Suggestions for achieving flatness?


----------



## tedg (Aug 15, 2018)

I flatten on sandpaper, on a piece of glass. Just guessing, but maybe your paper is too course. Finer paper will (should) help the gaps disappear.


----------



## Bensbites (Aug 15, 2018)

How are you cutting your pieces? I use a decent tablesaw; that leaves me flat/square pieces.


----------



## PappaG (Aug 15, 2018)

band saw and scroll saw. The are not flat. I'm not ready to glue up yet.


----------



## Gjackson98 (Aug 15, 2018)

PappaG said:


> band saw and scroll saw. The are not flat. I'm not ready to glue up yet.



I had the Same issue. I used a band saw. I had to grind the surface down to flat. I basically eyeballed everything. Not 100% flat but flat enough to help me through.


----------



## Bensbites (Aug 15, 2018)

PappaG said:


> band saw and scroll saw. The are not flat. I'm not ready to glue up yet.



Not sure where you are, but if I were you, I would look at a cheap tablesaw and or 4x36 belt sander on Craigslist(used)


----------



## PappaG (Aug 15, 2018)

Interesting. Ok. I'll look into a used table saw. Thanks guys. one of these weekends I'll have an update on the handles.


----------



## RonB (Aug 16, 2018)

If you can't find a table saw, a miter saw should work. Electric or hand powered will work, but no matter which you use, you need to use an accurate square to make sure the cut is square.


----------



## juniperburl (Aug 16, 2018)

Table saw with a cross cut sled, and material clamped to sled so you can still have five fingers. Then sand flat with 220 on reference plate using figure 8 motion. 

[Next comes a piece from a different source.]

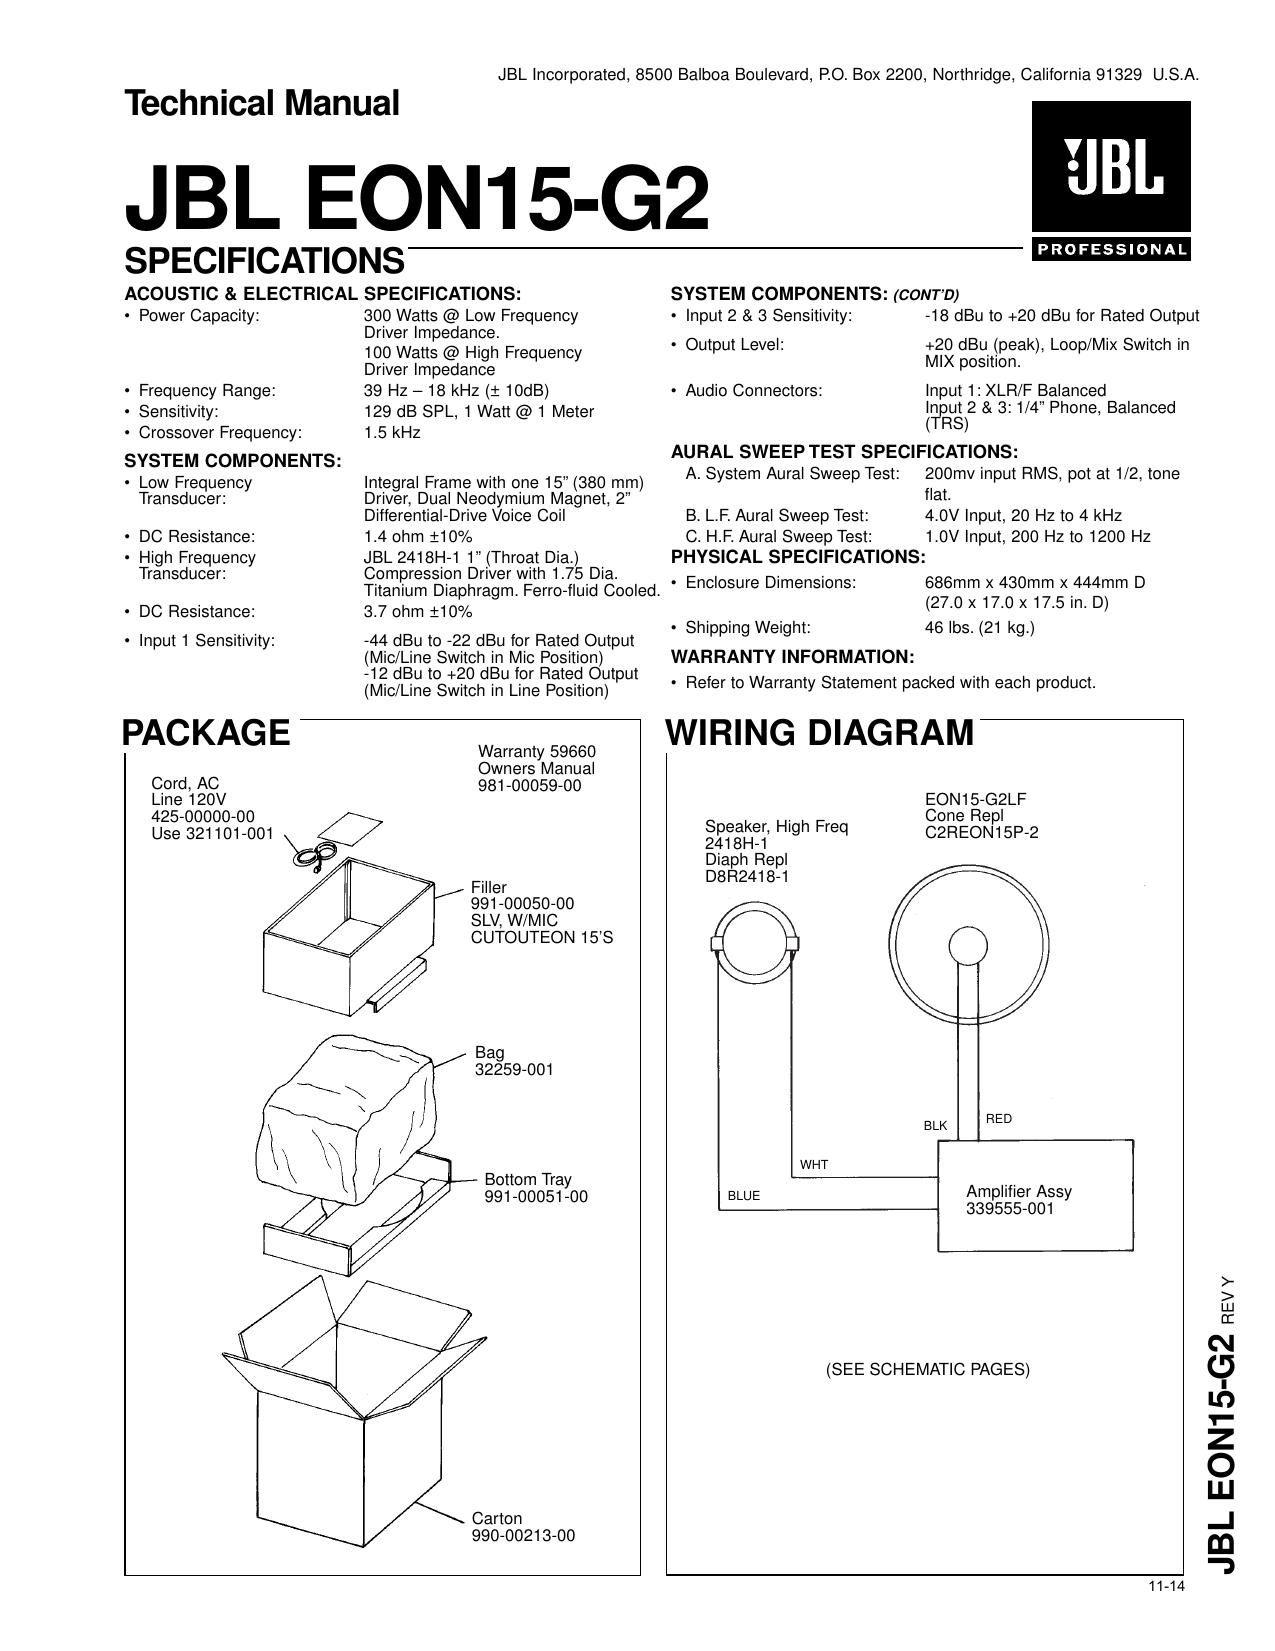 Jbl Manual Sb400 Powered Soundbar Schematic Circuit Diagram Electro Background Image Array Eon 15 G2 Owners Rh Audioservicemanuals

If your sanding is sloppy, you'll get gaps.
If you drill crooked holes you'll get gaps.
If you can't cut square you get gaps.
If your spacers aren't flat and equal thickness you'll get gaps. 
If you don't clamp correctly you get gaps. 
If your clamps flex, you'll probably get gaps.


----------



## tedg (Aug 16, 2018)

Word of advice on a table saw. Get a cabinet saw, even if it's an older one. The bench tops or the portables, will not give you the cut you're looking for. Stay away from the orange ones, the yellow ones, the green ones, etc.. They will cut ok, but still leave a lot of sanding. Nothing cuts like a saw with a few hundred pounds of cast iron in it. I'm a retired cabinet builder, 55 years of table saws etc.


----------



## nelsonchenknives (Aug 18, 2018)

there are many ways to make things flat, but a cheap disc. sander will probably fit your needs the best.


----------



## JayGee (Aug 18, 2018)

Rather than spending all that money, you could cut with a hand saw, square it up with a chisel, and just keep checking that its square. Eventually you'll learn to cut straight with a handsaw.


----------